10493-          $OPENSSL s_client $(s_client_options "-cipher $fs_cipher_list -ciphersuites ALL $STARTTLS $BUGS -connect $NODEIP:$PORT $PROXY $SNI") >$TMPFILE 2>$ERRFILE </dev/null
10494-          sclient_connect_successful $? $TMPFILE
10495-          sclient_success=$?
10496-          [[ $sclient_success -eq 0 ]] && [[ $(grep -ac "BEGIN CERTIFICATE" $TMPFILE) -eq 0 ]] && sclient_success=1
10497-          # Sometimes a TLS 1.3 ClientHello will fail, but a TLS 1.2 ClientHello will succeed. See #2131.
10498-          if [[ $sclient_success -ne 0 ]]; then
10499-               curves_option="-curves $curves_list1"
10500-               $OPENSSL s_client $(s_client_options "-cipher $fs_cipher_list $curves_option $STARTTLS $BUGS -connect $NODEIP:$PORT $PROXY $SNI") >$TMPFILE 2>$ERRFILE </dev/null
10501-               sclient_connect_successful $? $TMPFILE
10502-               sclient_success=$?
10503-               [[ $sclient_success -eq 0 ]] && [[ $(grep -ac "BEGIN CERTIFICATE" $TMPFILE) -eq 0 ]] && sclient_success=1
10504-               if [[ $sclient_success -ne 0 ]] && [[ -n "$curves_list2" ]]; then
10505-                    curves_option="-curves $curves_list2"
10506-                    $OPENSSL s_client $(s_client_options "-cipher $fs_cipher_list $curves_option $STARTTLS $BUGS -connect $NODEIP:$PORT $PROXY $SNI") >$TMPFILE 2>$ERRFILE </dev/null
10507-                    sclient_connect_successful $? $TMPFILE
10508-                    sclient_success=$?
10509-                    [[ $sclient_success -eq 0 ]] && [[ $(grep -ac "BEGIN CERTIFICATE" $TMPFILE) -eq 0 ]] && sclient_success=1
10510-               fi
10511-          fi
10512-     fi

That last conditional appears to be due to the host securedrop.org not looking like it supports TLS 1.3 (why?), and not using sockets which both --fast and --ssl-native opt-out. Hence why some other sites like github.com don't regress with these options.
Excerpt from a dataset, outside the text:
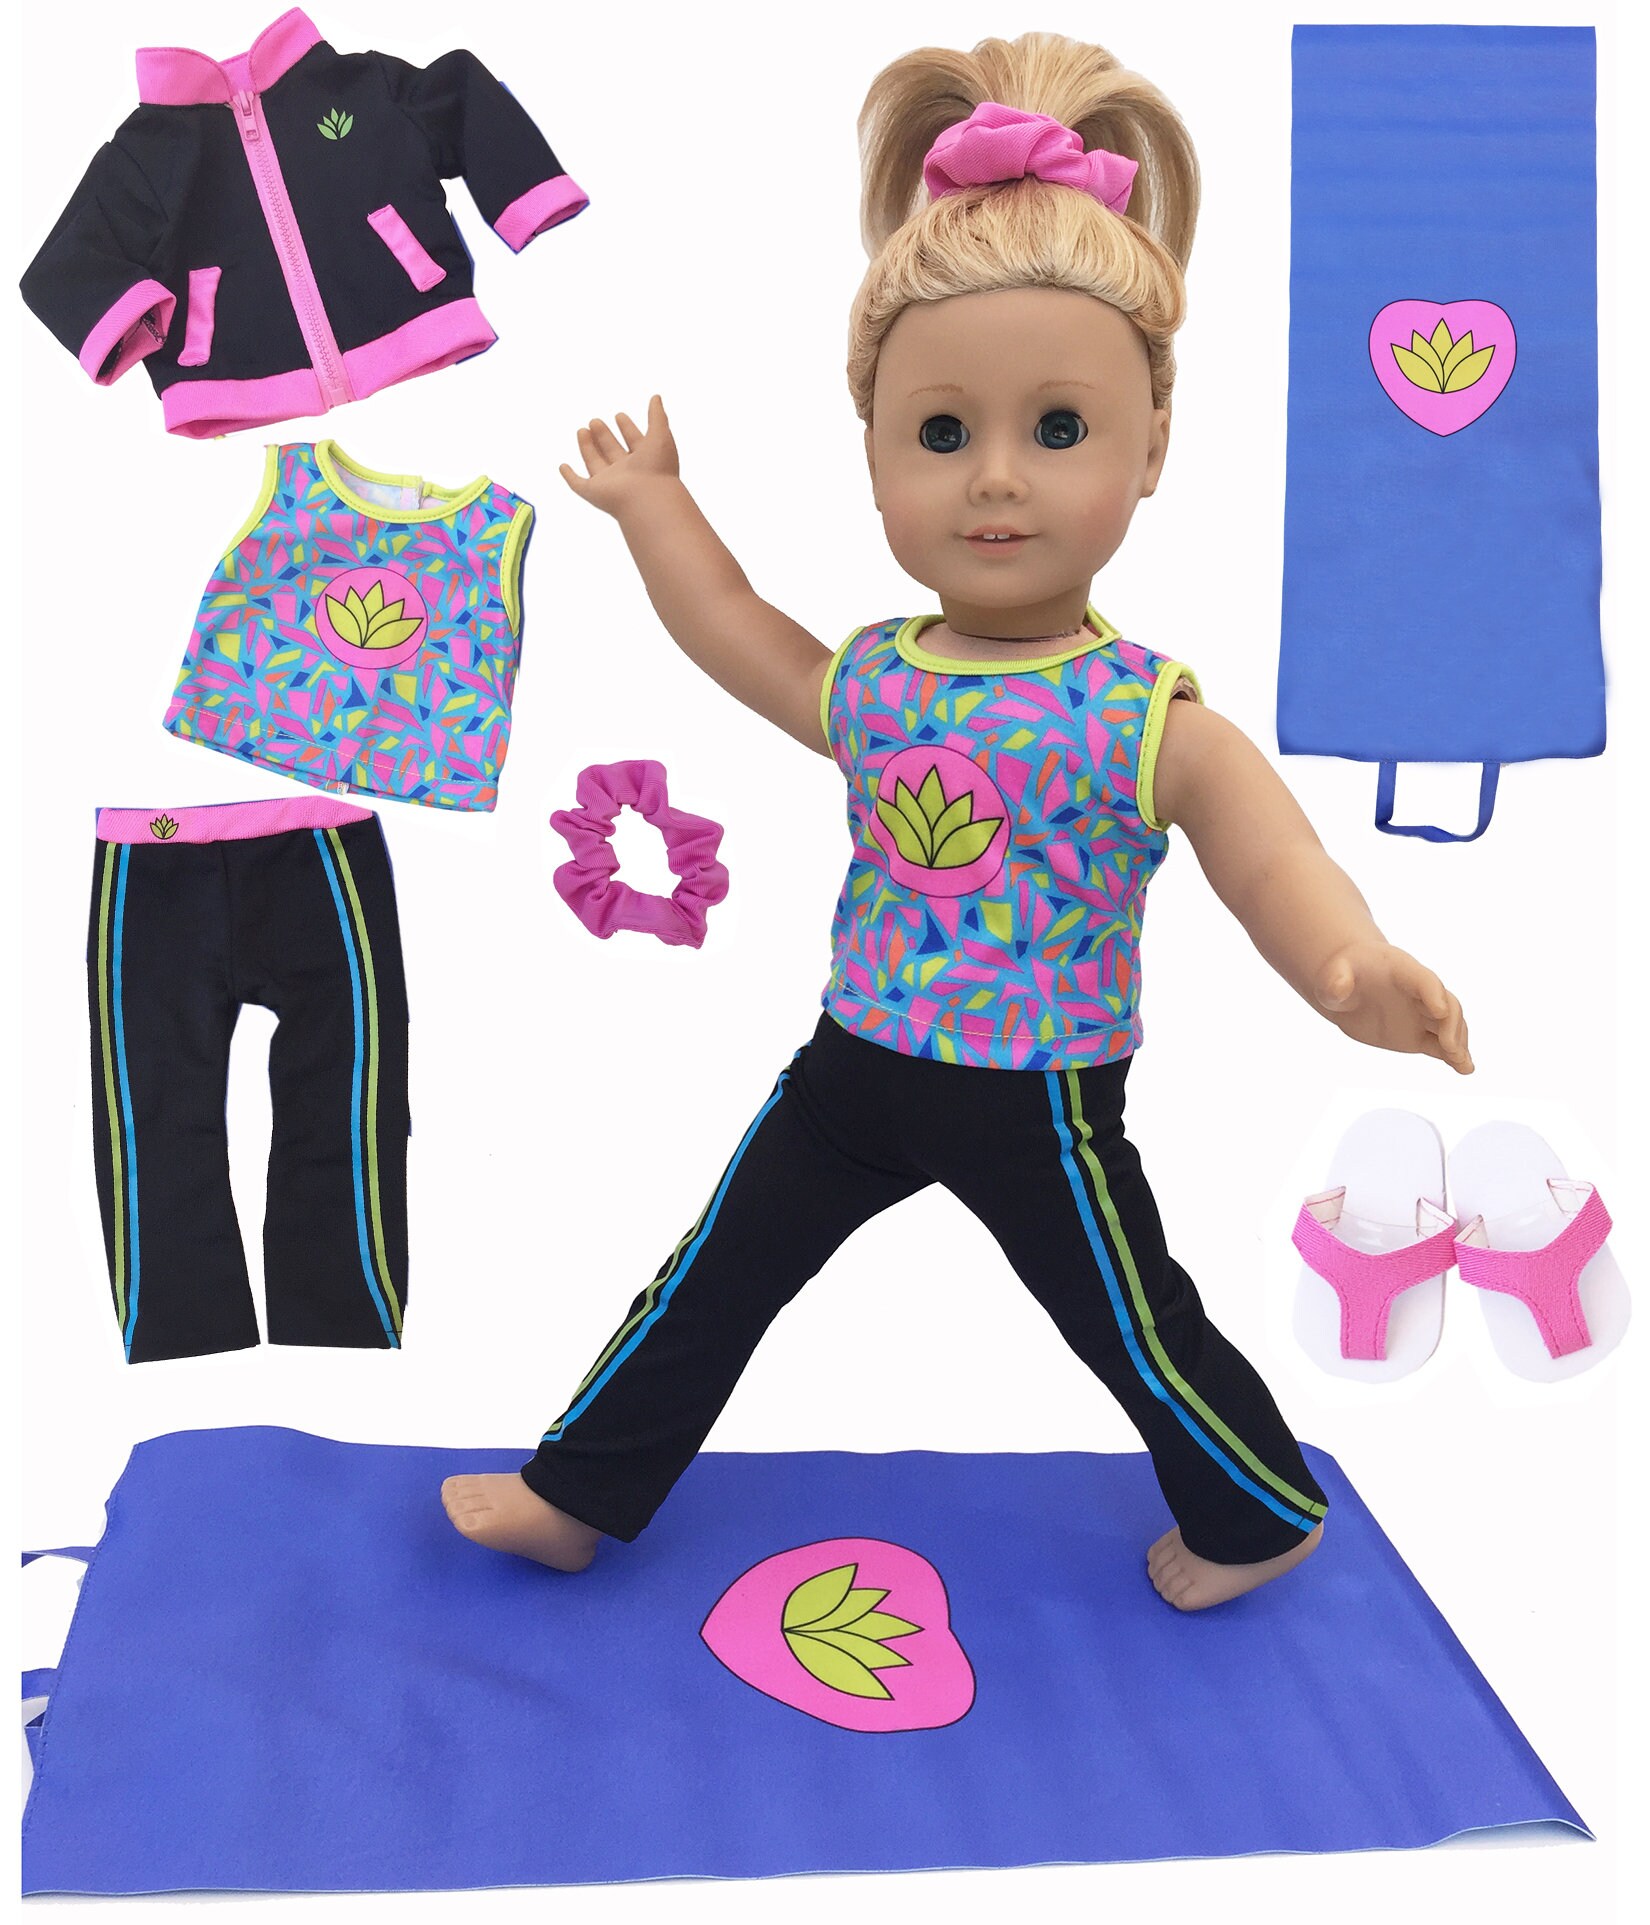 18 Doll Clothes-18 Doll YOGA OUTFIT Fits American Girl Dolls 6 Pc Deluxe  Set yoga Mat Sandals-top-yoga Jacket-yoga Pants-scrunchie

But as mentioned, this is not a bug in testssl.sh AFAIK, just something wrong with how OpenSSL is built / configured in openSUSE Leap.
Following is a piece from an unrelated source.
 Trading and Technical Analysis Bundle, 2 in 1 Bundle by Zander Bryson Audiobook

@mig5 if your tested website offers TLS 1.3 it'd avoid that branch and should work with --fast like you expect.

Alternatively run without --openssl which shouldn't be necessary now AFAIK, in the past with Alpine it provided better performance and avoided some DNS lookup related bugs due to the bundled testssl.sh openssl binary being intended for glibc not musl.

I got 200s which is faster than what you'd have on Alpine before (based on my prior timings, yours will be lower than this).

mig5 commented 1 year ago

@mig5 if your tested website offers TLS 1.3 it'd avoid that branch and should work with --fast like you expect.

Indeed, I wondered if this might be the thing. My own website (mig5.net) supports TLS 1.3 and of course github.com etc, do too. The sites where I first noticed this, are using ALBs at Amazon that were on an older set of ciphersuites etc (TLS1.3 only became possible on ALBs last month!). securedrop.org is not one of those but is probably a similar story (slightly surprised, as it's using Cloudflare, but probably is a setting somewhere, yep)

Thanks for all that debugging. For now I've dropped --fast and things are of course great, but going to look into more detail about dropping --openssl and also of course adding TLS1.3 wherever I have the power to!